The core New Relic product: observability
Every app that you use on the internet is running on a server somewhere. Developers need to understand what’s going on with their apps and servers so that things run smoothly: they’re checking for how fast things run, what errors they run into, spikes in traffic, and stuff like that.
New Relic offers a comprehensive set of tools for doing all of this stuff, from application to infrastructure and beyond (Datadog is a useful comparison). You start by installing New Relic agents (like little cameras) on your infrastructure, and gathering data. Then you can build interactive visualizations, set up alerts, and dig deeper into specific patterns you’re seeing.
A brief, brief history of deployment
Every app that you use on the internet is running on a server somewhere. Until recently, that used to literally mean one server - a giant computer - so you had whatever computing power you had, and you had one place to look if you wanted to know why things were broken – or worse, why things were slow. There were basic utilities in Linux – the standard server operating system – for monitoring a lot of this stuff, like the htop command – which is still used a lot, mind you – but this was mostly a reactive process. Something would go wrong, and you’d check why.
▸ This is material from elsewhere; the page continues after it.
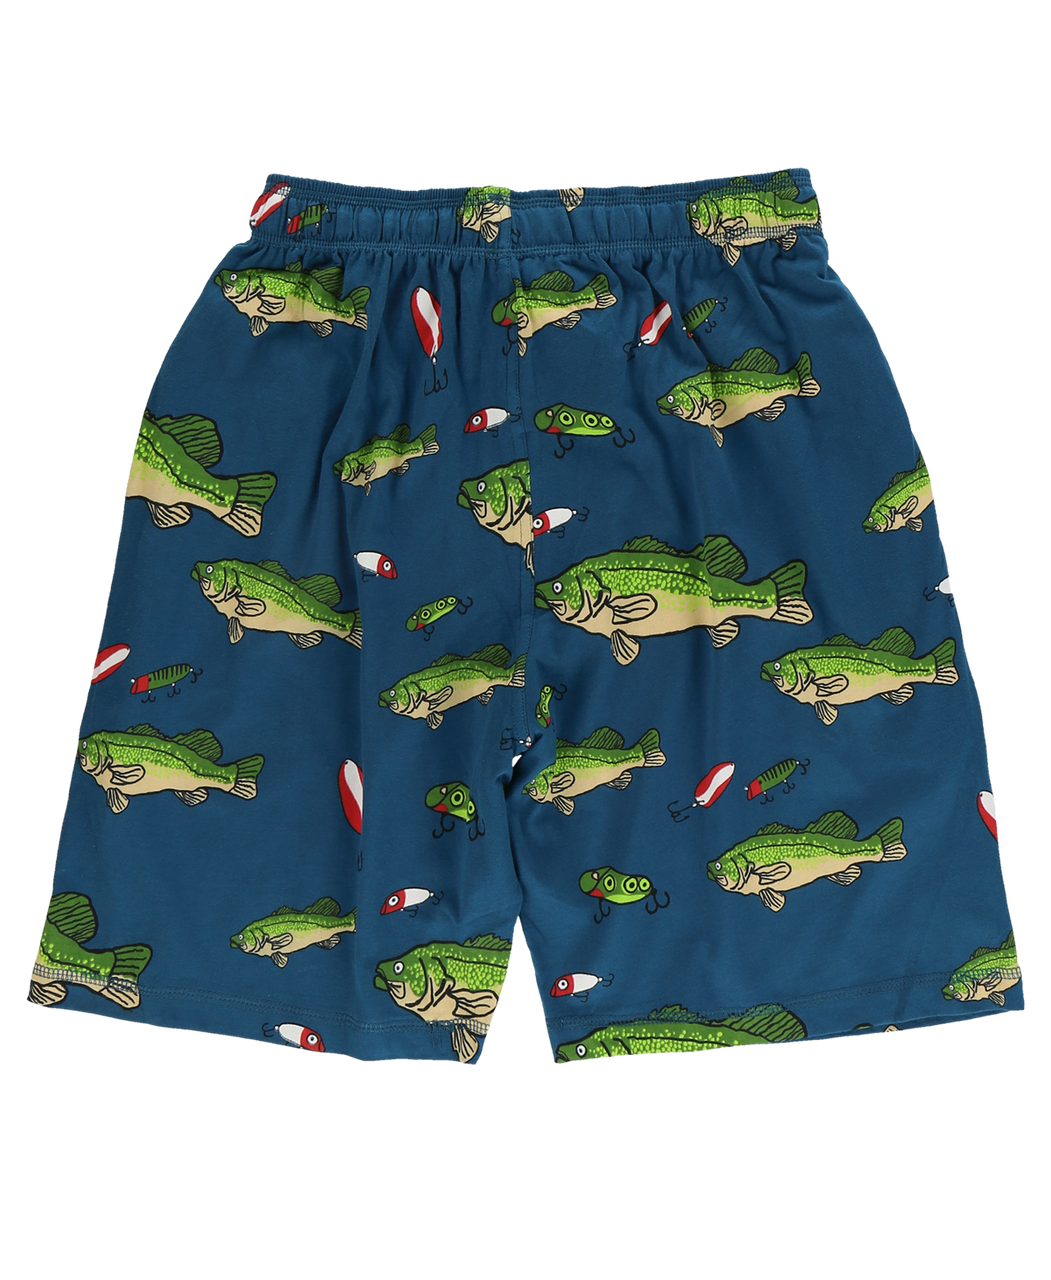 Bass | Men's Pajama Shorts | LazyOne

Then a few things changed:
Infrastructure got easier, but more complicated
The one-app-one-server paradigm is not very true anymore. Most major apps now run as distributed systems, or a set of multiple, interconnected servers. It is obviously harder to debug many servers than it is to debug one server; but that’s only part of the problem.
With everything running on Docker, the concept of “servers” got a lot more complicated, because there was a thick layer of abstraction between your code and what infrastructure it was running on. Docker> creates a standalone container on your servers; now, something can be wrong with your server or that container, or even the relationship between the two.
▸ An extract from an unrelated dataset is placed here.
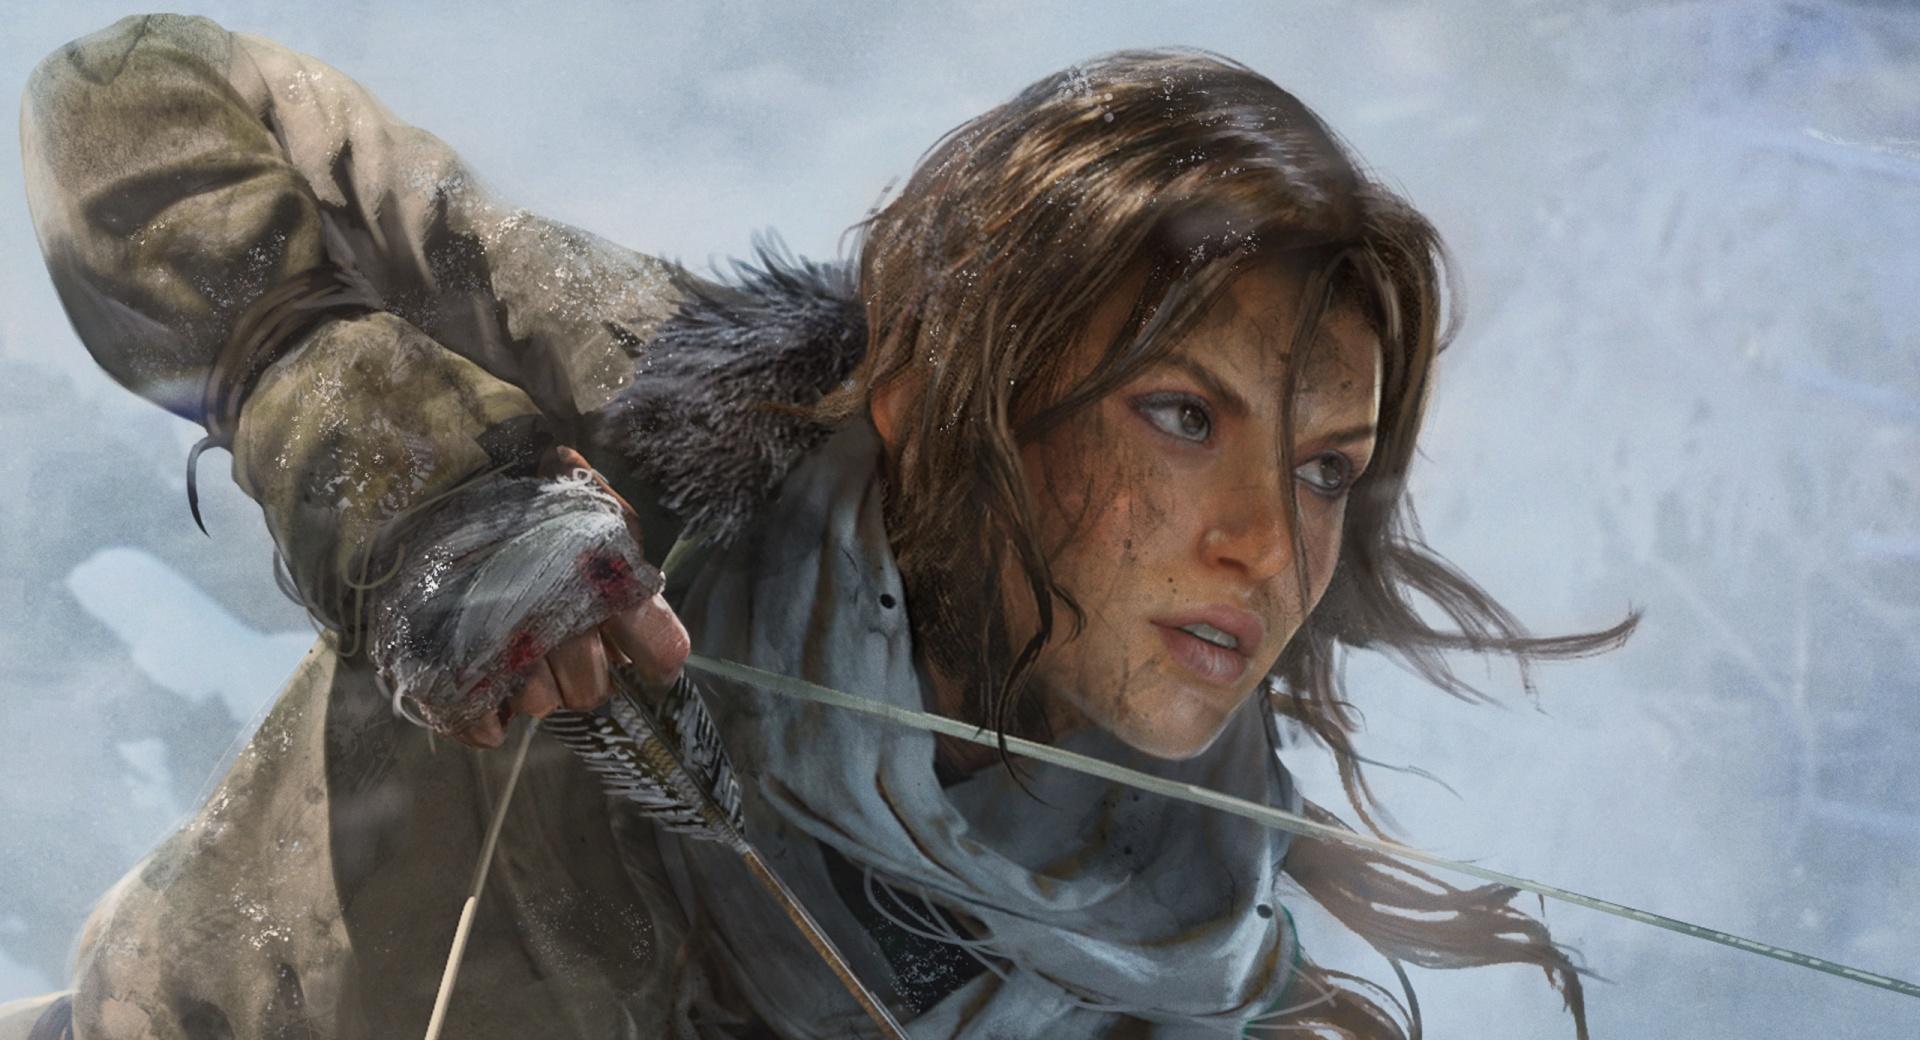 Rise of the Tomb Raider Lara Croft at 2048 x 2048 iPad size wallpapers HD quality

And in addition to that increased surface area, it also meant nicher things to worry about, like your Kubernetes cluster having a hard time restarting pods. New approaches to infrastructure – as well as new layers for managing that infrastructure – means monitoring is much more complex than it used to be.
The internet got bigger
As the internet became widely available, apps are now used by like, billions of people. So when 2 billion people are loading Facebook.com every hour as opposed to 200, a lot more things can go wrong, both in terms of surface area (bigger products) and in terms of having just so many people hitting your servers. Supporting an app that’s trying to handle hundreds of millions of requests per second is very different from one that’s handling thousands. And in addition to that, it’s more and more important to fix things quickly, since there are always a lot of people trying to use what’s broken.
Everything moved to the cloud
The last important change to keep in mind: most apps you access today are sending data across the web, instead of running on your company’s local data center. The cloud is great! Companies can get set up way faster, for much cheaper (initially), and get access to the fastest and best infrastructure around. But it also means that every single request you make from your browser – be it to fetch your emails or send a tweet – has to travel over the public web, instead of across little internal wires. That makes performance much more unpredictable; and doubly important to measure.
So in summary, developers were faced with more complex infrastructure and more pressure to understand, monitor, and keep that infrastructure running smoothly. This is part of why DevOps (development operations) started to become its own discipline – companies were employing teams of developers just to deploy and monitor infrastructure.
What teams are actually monitoring
To understand New Relic, you need to understand what monitoring is. Building your app is far from the finish line: once you get it out to your users, there’s an entire series of workflows around making sure it continues working, and that it’s fast.
There are two big pieces to modern application / infrastructure monitoring: your application and your infrastructure (i.e. both sides of the slash).